Over time, new data added to the map replaces old data, in a low-pass filter sense. This gives us some resilience should the environment not be static. The system doesn't really handle a changing environment, but, over time, the map information about old obstacles decays. So if we're stopped by a tumbleweed, and it then blows away, we can proceed. (The vehicle can drive around obstacles, of course. But not through them.)
The map contains information about places we have seen, but can't currently see. This is marginally useful. Maybe for backing up.
All the sensor systems, the near and far vision systems and the microwave rangefinders, all update the same map. This is where the sensor data comes together.

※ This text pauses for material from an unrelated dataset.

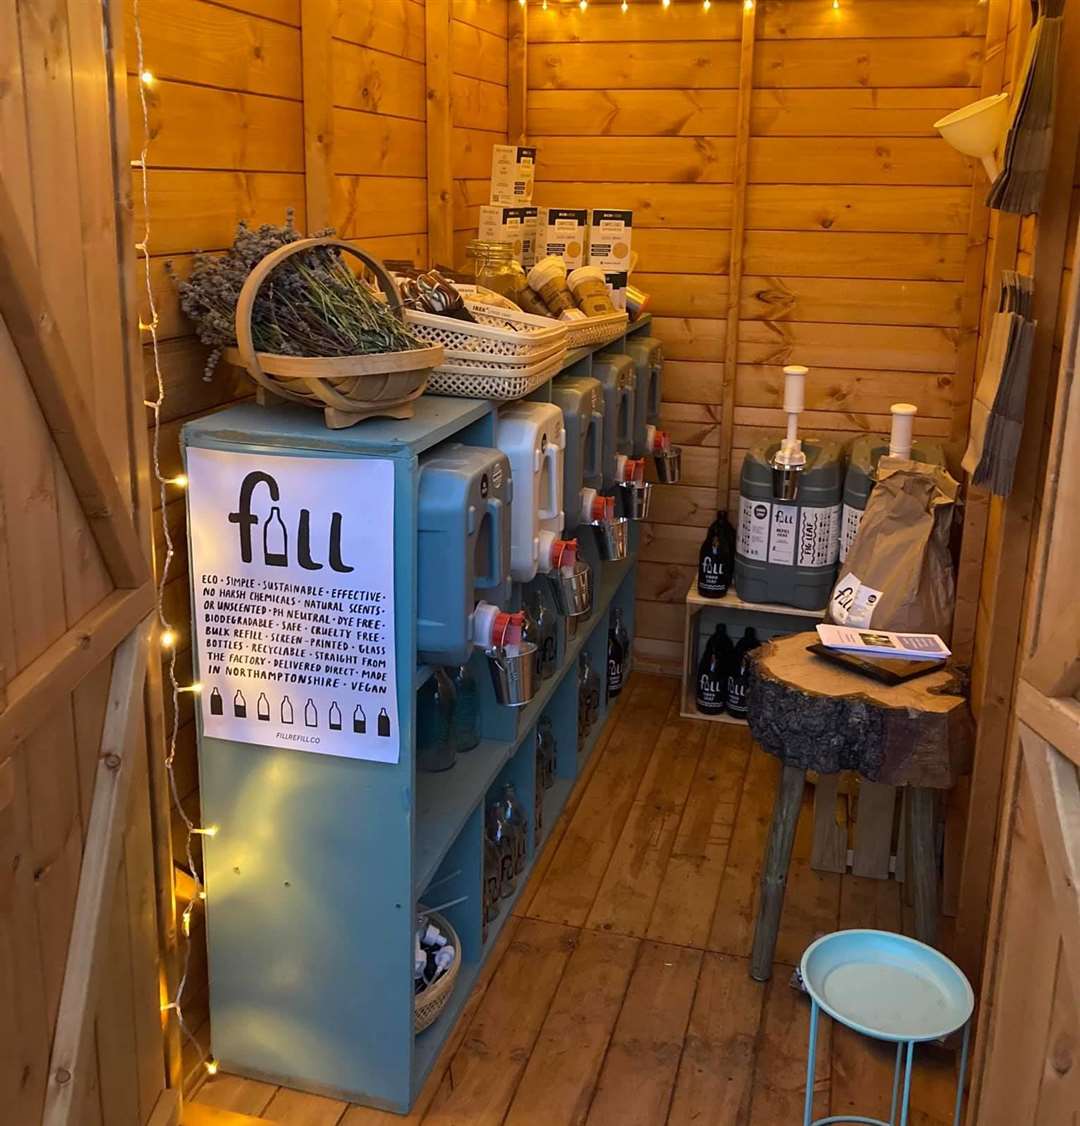 The new fill up station for toiletries, soaps and other liquids at The Refill Hub in Rainham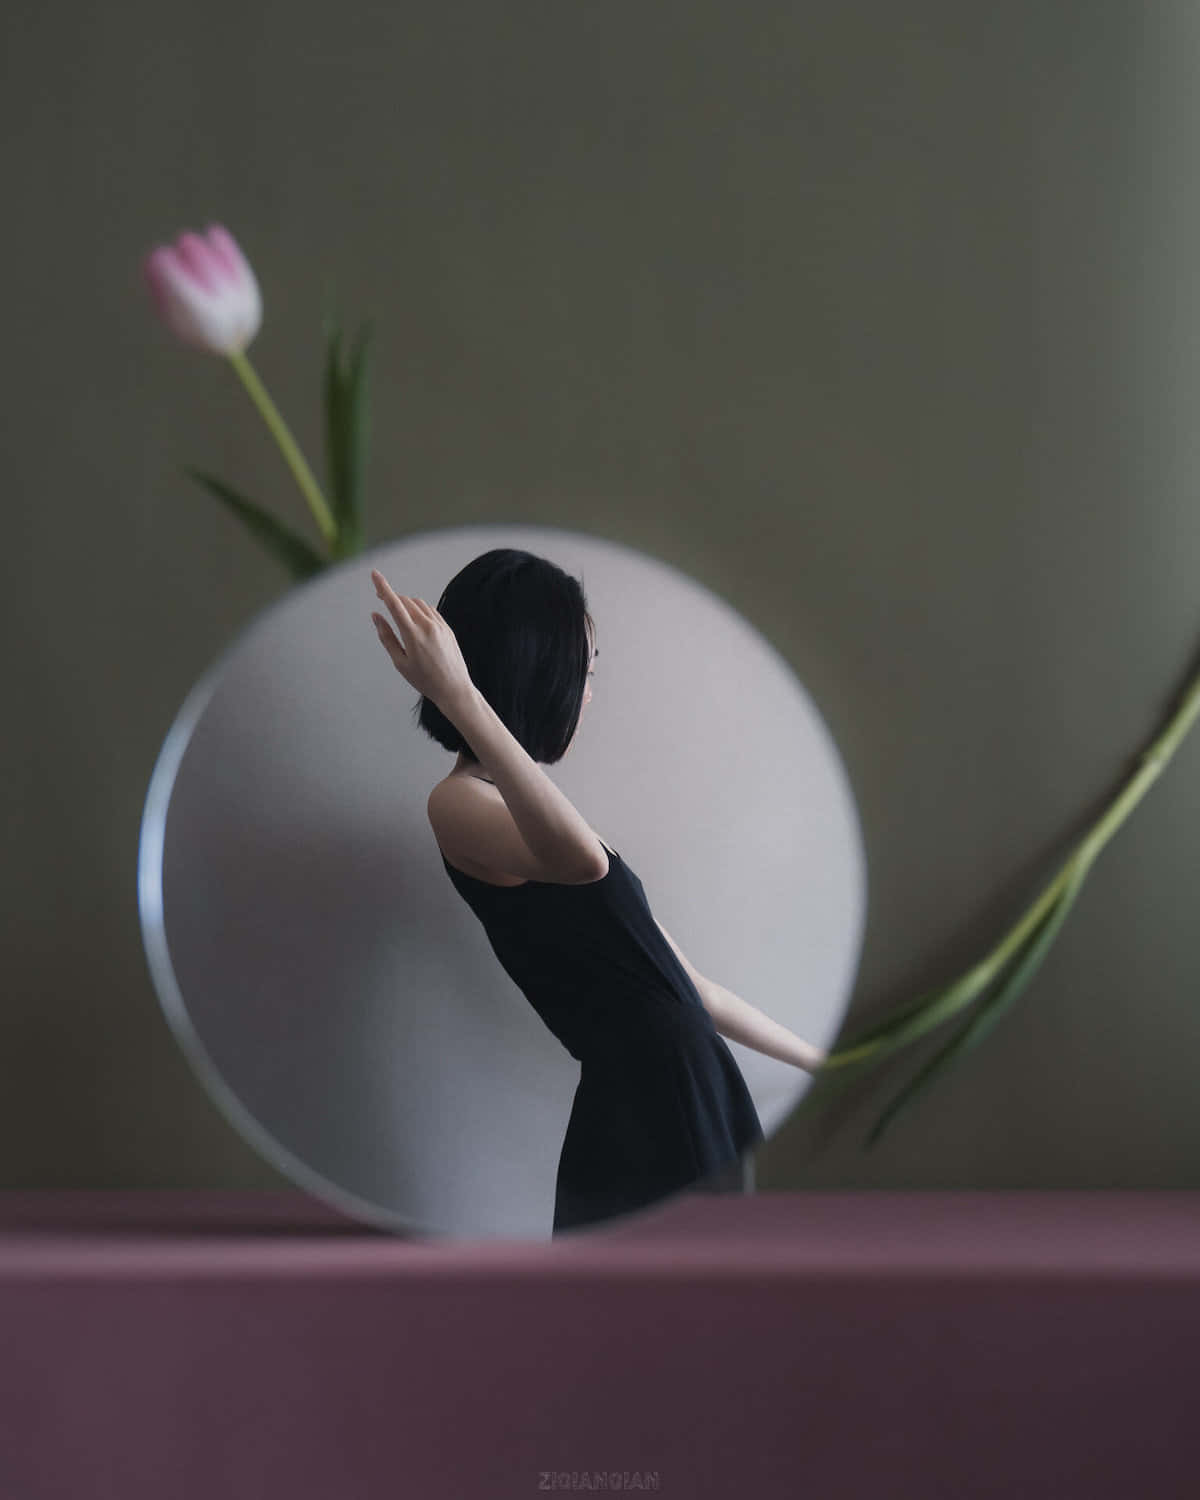 Woman Reflection In Mirror With Tulip Flower Picture

Some of those systems may also have more direct control over the vehicle, like stopping it from hitting something or going over a cliff. But they also update the map. We could drive completely blind at creeping speed if we put enough of those little microwave rangefinders on the vehicle. (Say, three on the front bumper pointed down to watch for cliffs, one on either side i in front for side obstacles, the main Vortec radar straight ahead, and two on the back bumper for backing up.) That's probably worth doing.